---------- Information supplied ----------

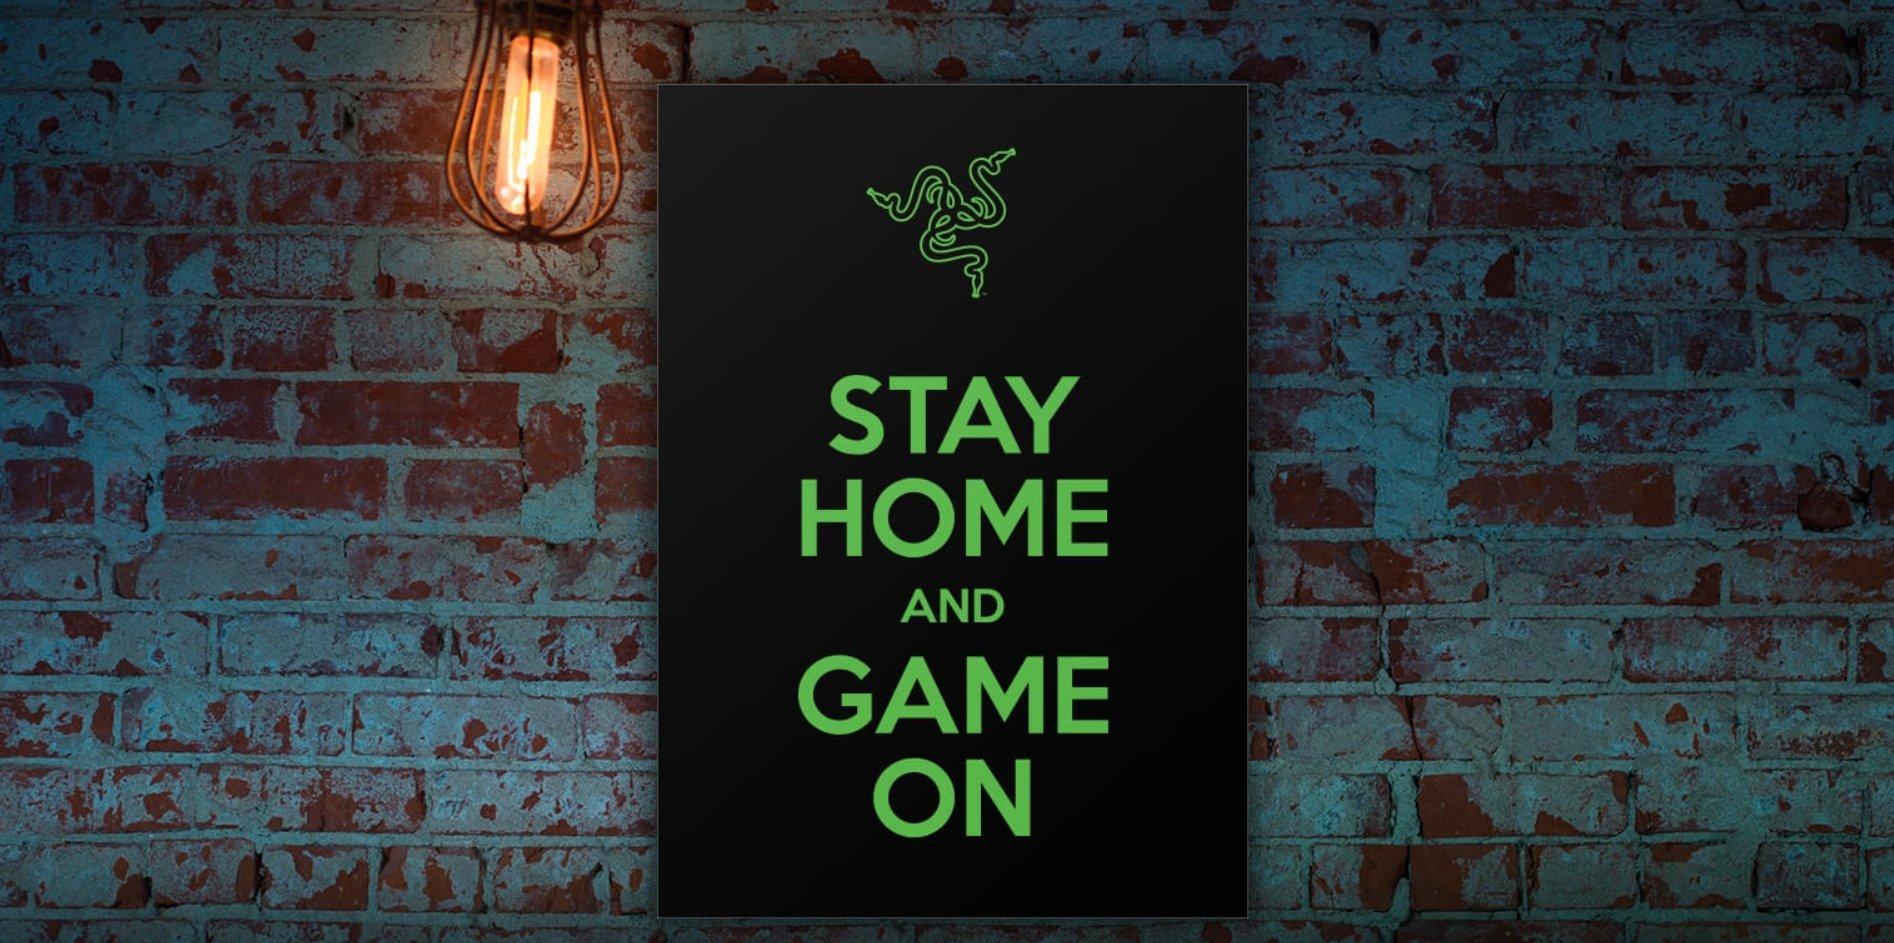 雷蛇-Stay home and game on-Social Distance-創意
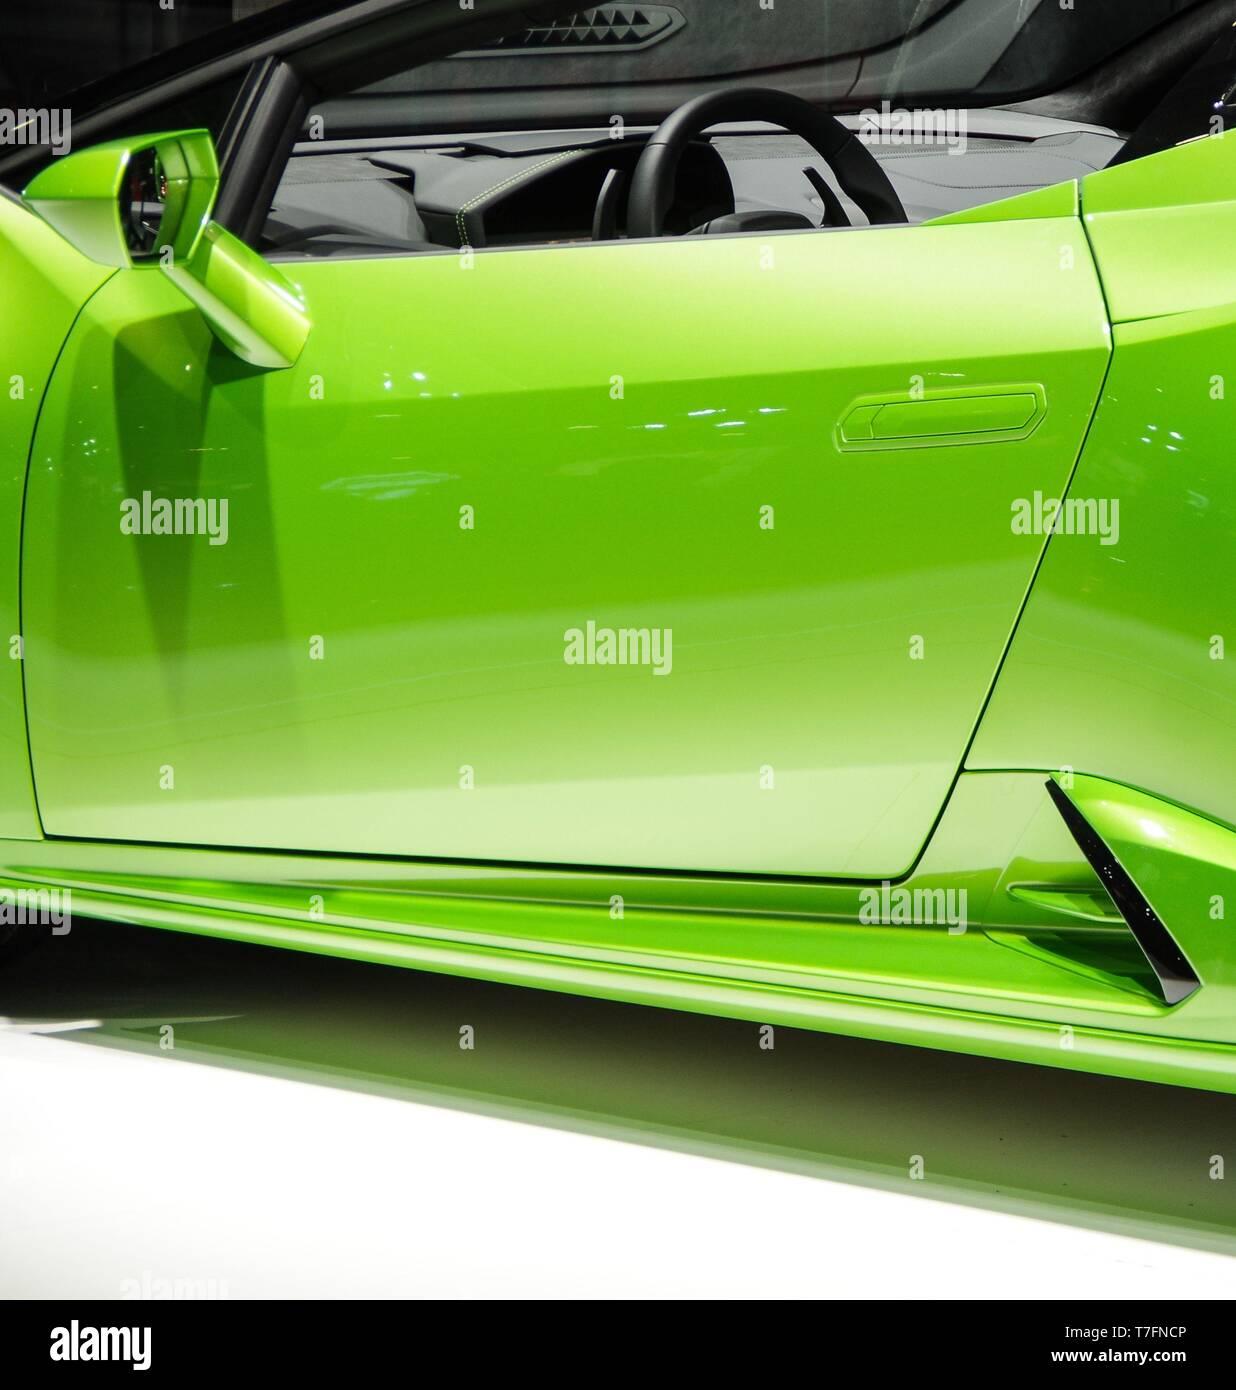 Lamborghini Rear View Stock Photos & Lamborghini Rear View
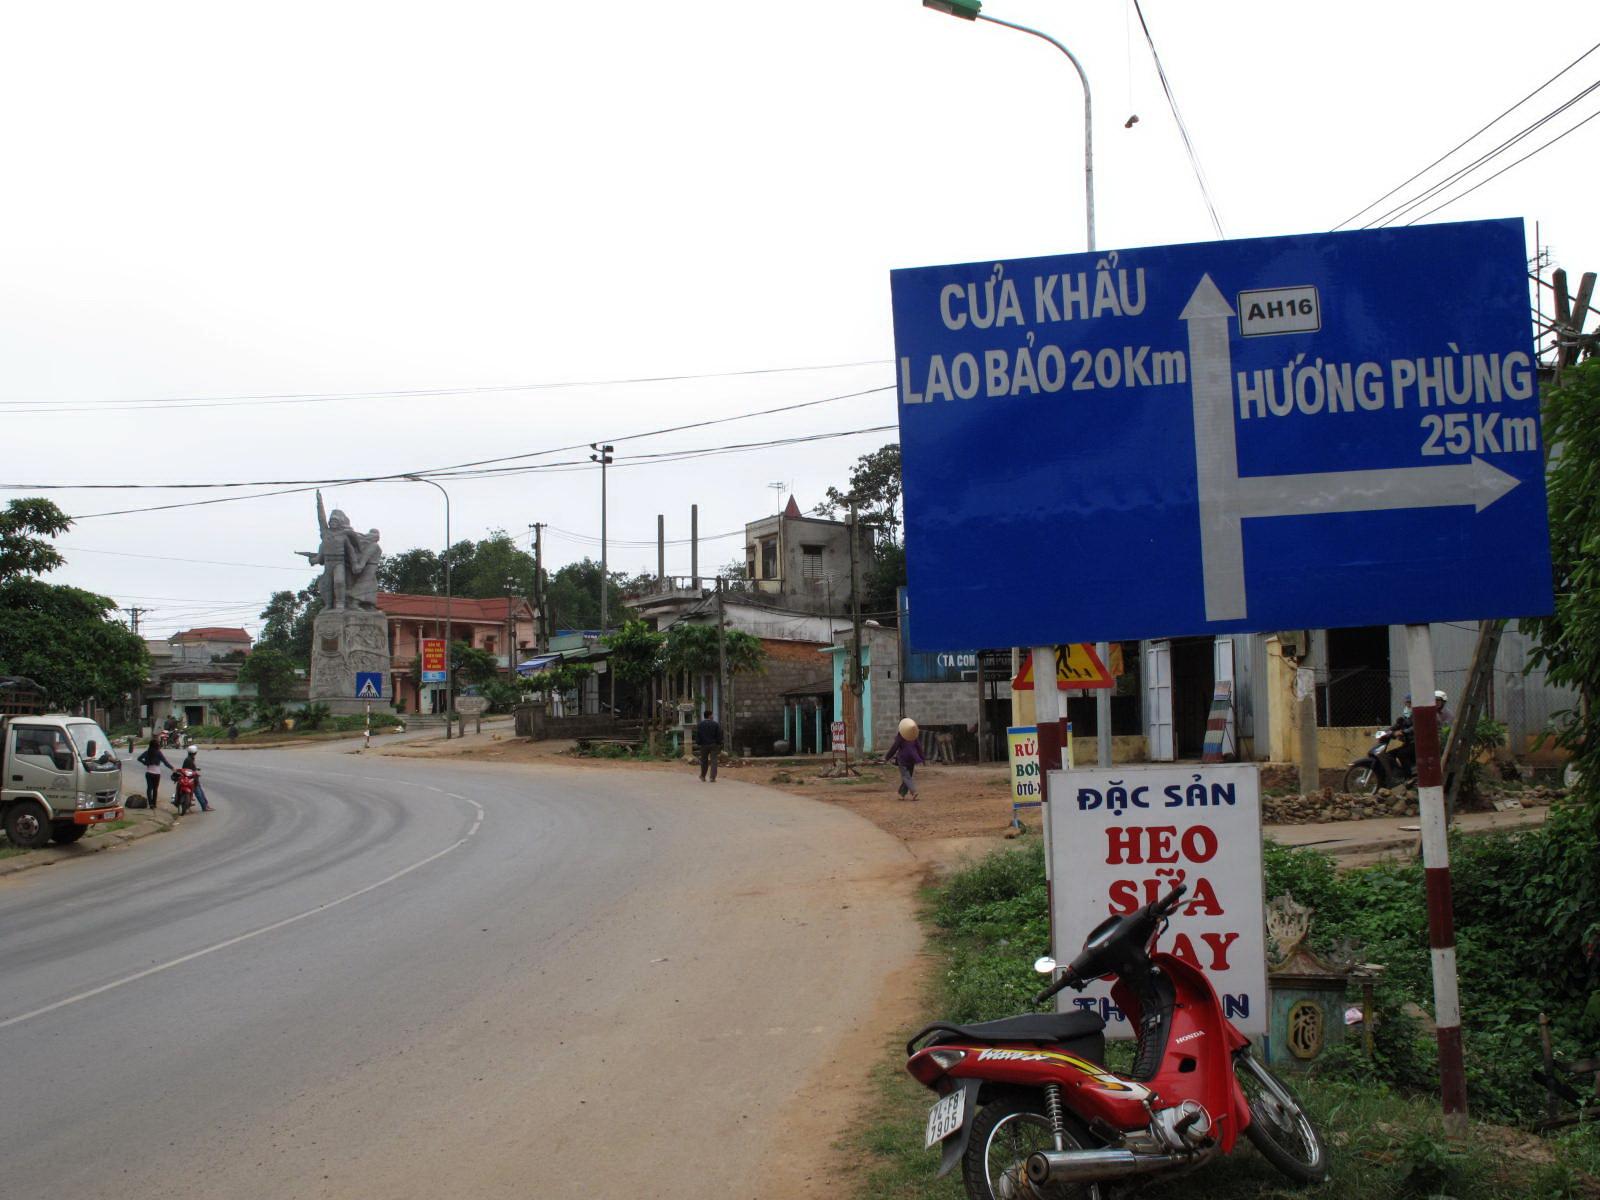 ViettelCargo tổ chức vận chuyển hàng hóa đi Viêng Chăn qua cửa khẩu Lao Bảo

----------

Goal of the exercise: Pictures included in the data should be dropped; everything else must be repeated exactly.

Finished task:
 雷蛇-Stay home and game on-Social Distance-創意
 Lamborghini Rear View Stock Photos & Lamborghini Rear View
 ViettelCargo tổ chức vận chuyển hàng hóa đi Viêng Chăn qua cửa khẩu Lao Bảo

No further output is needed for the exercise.